===== Exercise material

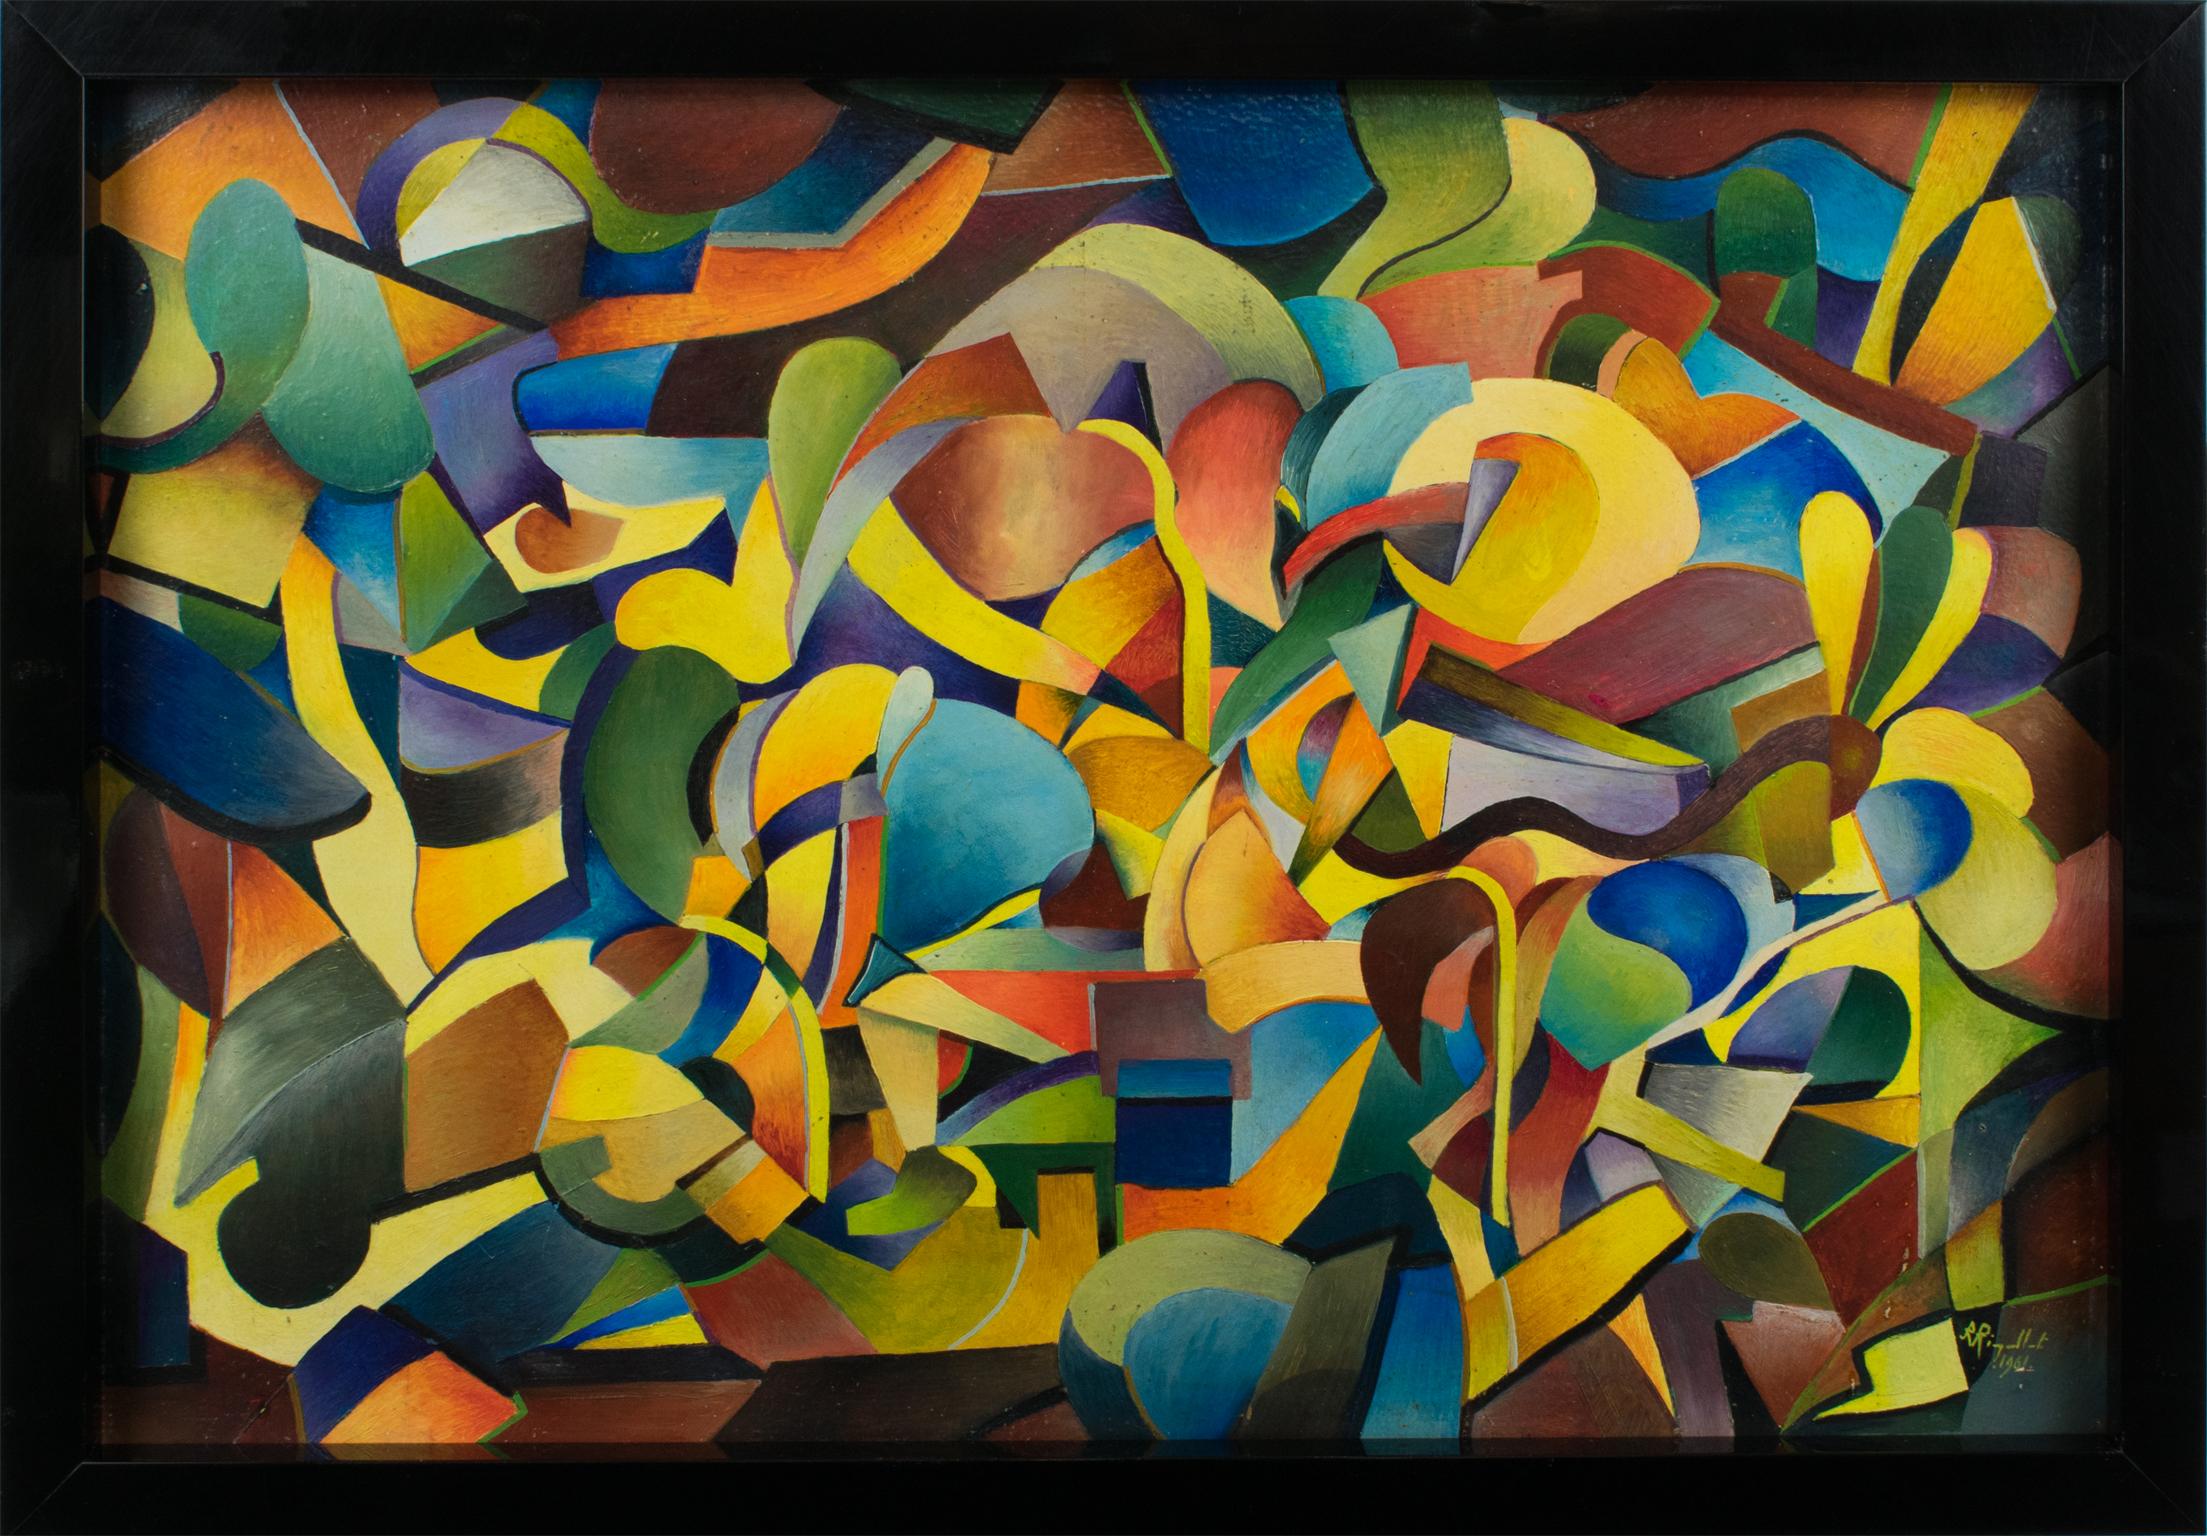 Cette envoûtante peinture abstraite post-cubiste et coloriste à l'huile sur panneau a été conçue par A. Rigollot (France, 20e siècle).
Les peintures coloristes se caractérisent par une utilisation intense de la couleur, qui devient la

==========
===== Exercise material

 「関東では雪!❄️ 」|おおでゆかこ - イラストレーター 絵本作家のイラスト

==========
===== Exercise material

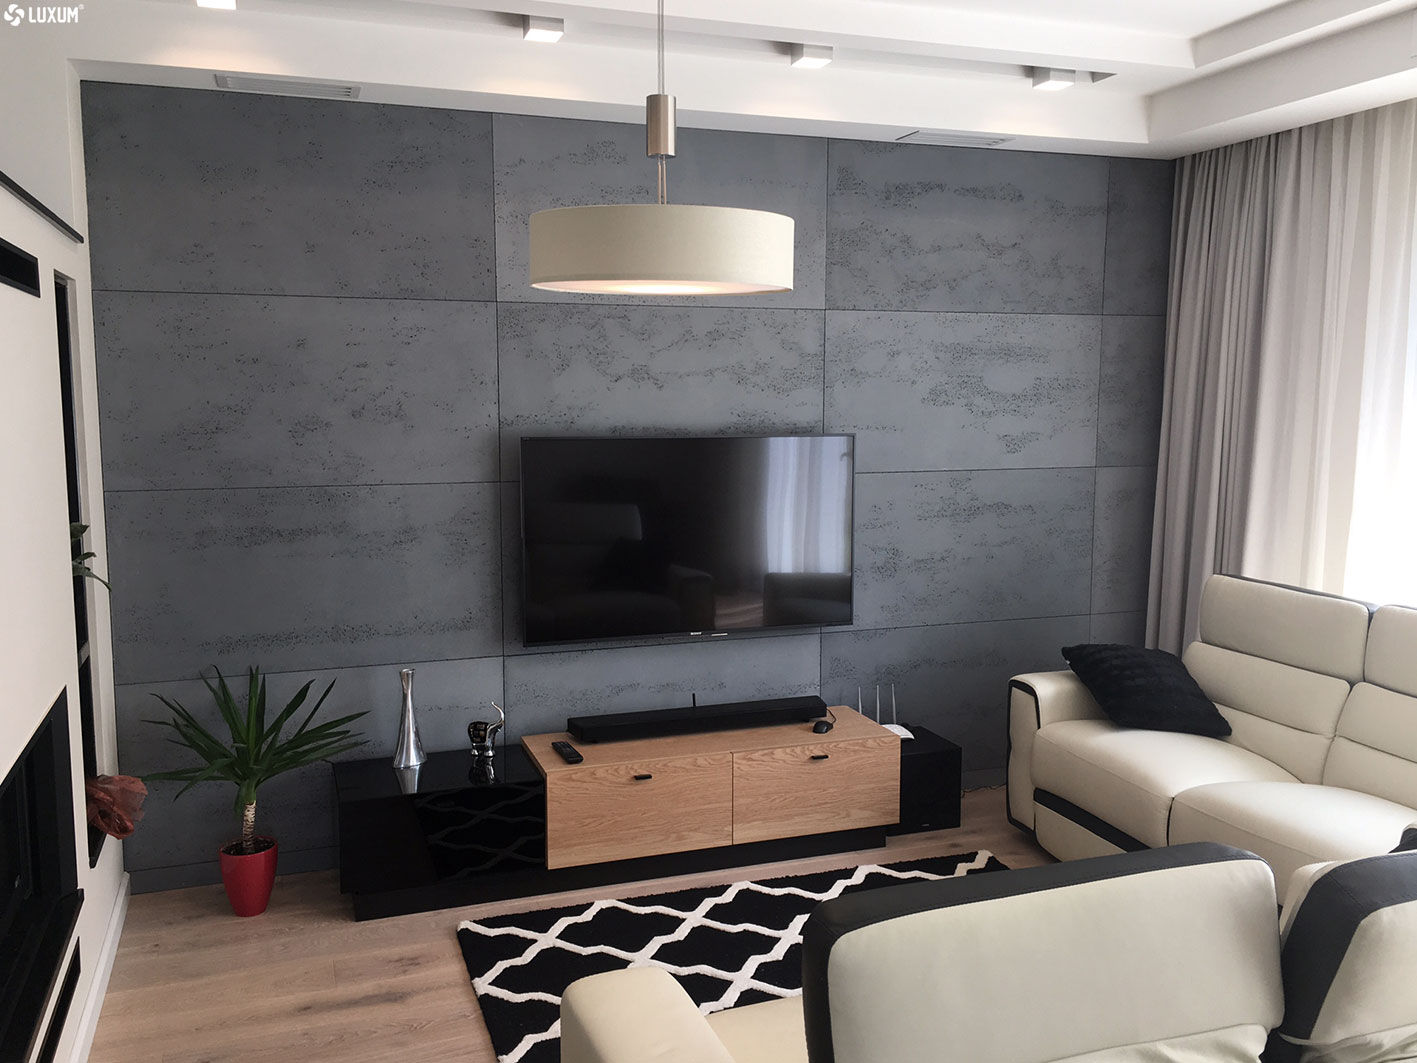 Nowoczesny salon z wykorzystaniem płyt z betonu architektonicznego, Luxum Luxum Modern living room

==========

◆ **Problem requirements**: Please print the lines above word for word, starting at the one with "Cette envoûtante peinture" and ending at the one with "Les peintures coloristes", both included, and without any picture.

◆ **Response to the task**:
 Cette envoûtante peinture abstraite post-cubiste et coloriste à l'huile sur panneau a été conçue par A. Rigollot (France, 20e siècle).
Les peintures coloristes se caractérisent par une utilisation intense de la couleur, qui devient la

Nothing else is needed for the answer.